Romeo Igot and Alfredo Salapantan, Jr. These two, however, have different issues. The suits of
Igot and Salapantan are more of a taxpayer’s suit assailing the other provisions of BP Blg. 52
regarding the term of office of the elected officials, the length of the campaign, and the provision
which bars person charged for crimes from running for public office as well as the provision that
provides that the mere filing of complaints against them after preliminary investigation would
already disqualify them from office.

ISSUE:
Whether or not Dumlao, Igot, and Salapantan have a cause of action.

RULING:
NO. The Supreme Court pointed out the procedural lapses of this case for the latter should have
never been merged. Dumlao’s issue is different from Igot and Salapantan. They have different
issues. Further, this case does not meet all requisites to be eligible for judicial review, namely:
(1) the existence of an appropriate case; (2) an interest personal and substantial by the party
raising the constitutional question; (3) the plea that the function be exercised at the earliest
opportunity; and (4) the necessity that the constitutional question be passed upon in order to
decide the case.

In this case, only the 3rd requisite was met.

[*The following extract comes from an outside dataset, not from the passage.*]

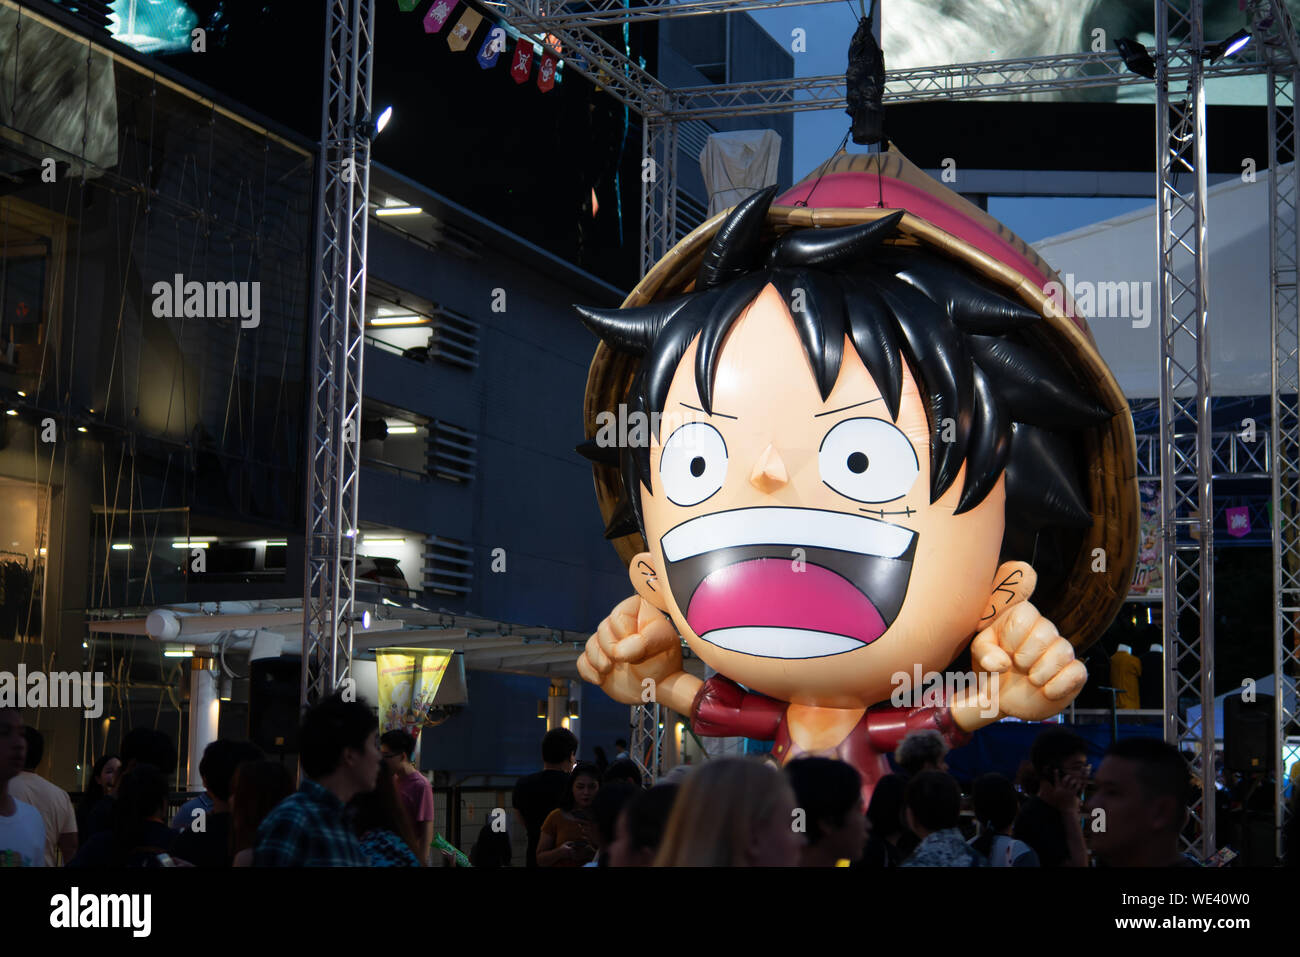 Bangkok, Thailand - August 18, 2019 : Inflatable of Monkey D. Luffy, a fictional character of One Piece manga series, at the One Piece 20th animation Stock Photo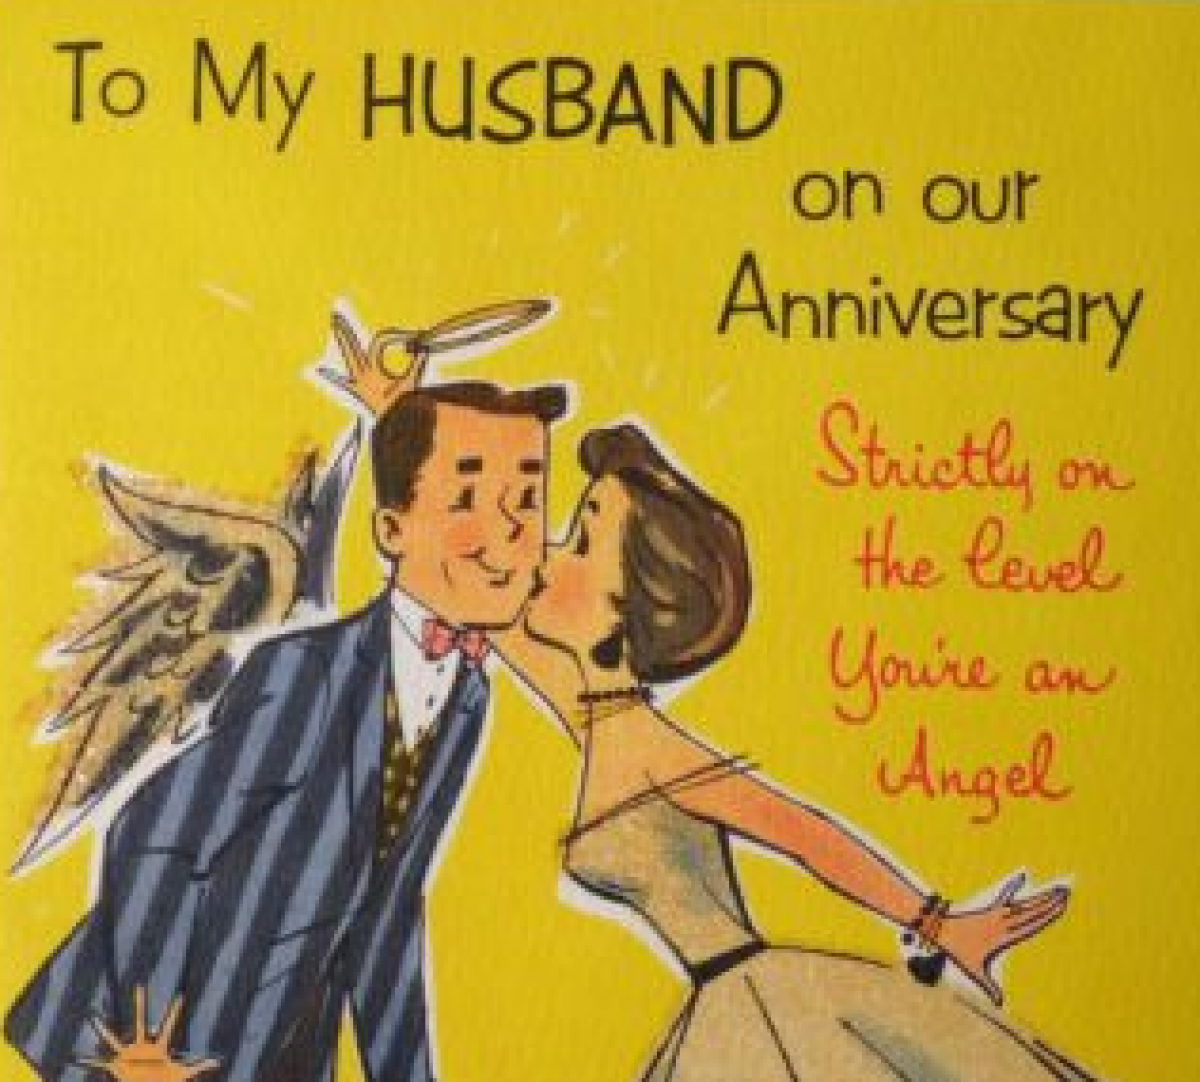 HUSBAND Funny ANNIVERSARY Wedding Greetings Card Best Decision.

The SC ruled however that the provision barring persons charged for crimes may not run for
public office and that the filing of complaints against them after preliminary investigation would
already disqualify them from office as null and void.

The assertion that BP Blg. 52 is contrary to the safeguard of equal protection is neither well
taken. The constitutional guarantee of the equal protection of the laws is subject to rational
classification. If the groupings are based on reasonable and real differentiation, one class can
be treated and regulated differently from another class. For purposes of public service,
employees 65 years of age, have been validly classified differently from younger employees.
Employees attaining that age are subject to compulsory retirement, while those of younger ages
are not so compulsorily retirable.

In respect of election to provincial, city, or municipal positions, to require that candidates should
not be more than 65 years of age at the time they assume office, if applicable to everyone,
might or might not be a reasonable classification although, as the Solicitor General has
intimated a good policy of the law should be to promote the emergence of younger blood in our
local governments. On the other hand, it might be that persons more than 65 years old may also
be good elective local officials.
Retirement from government service may or may not be reasonable disqualification for elective
local officials. But, in the case of a 65-year old elective local official (Dumlao), who has retired
from a provincial, city, or municipal office, there is reason to disqualify him from running for the
same office from which he had retired, as provided for in the challenged provision.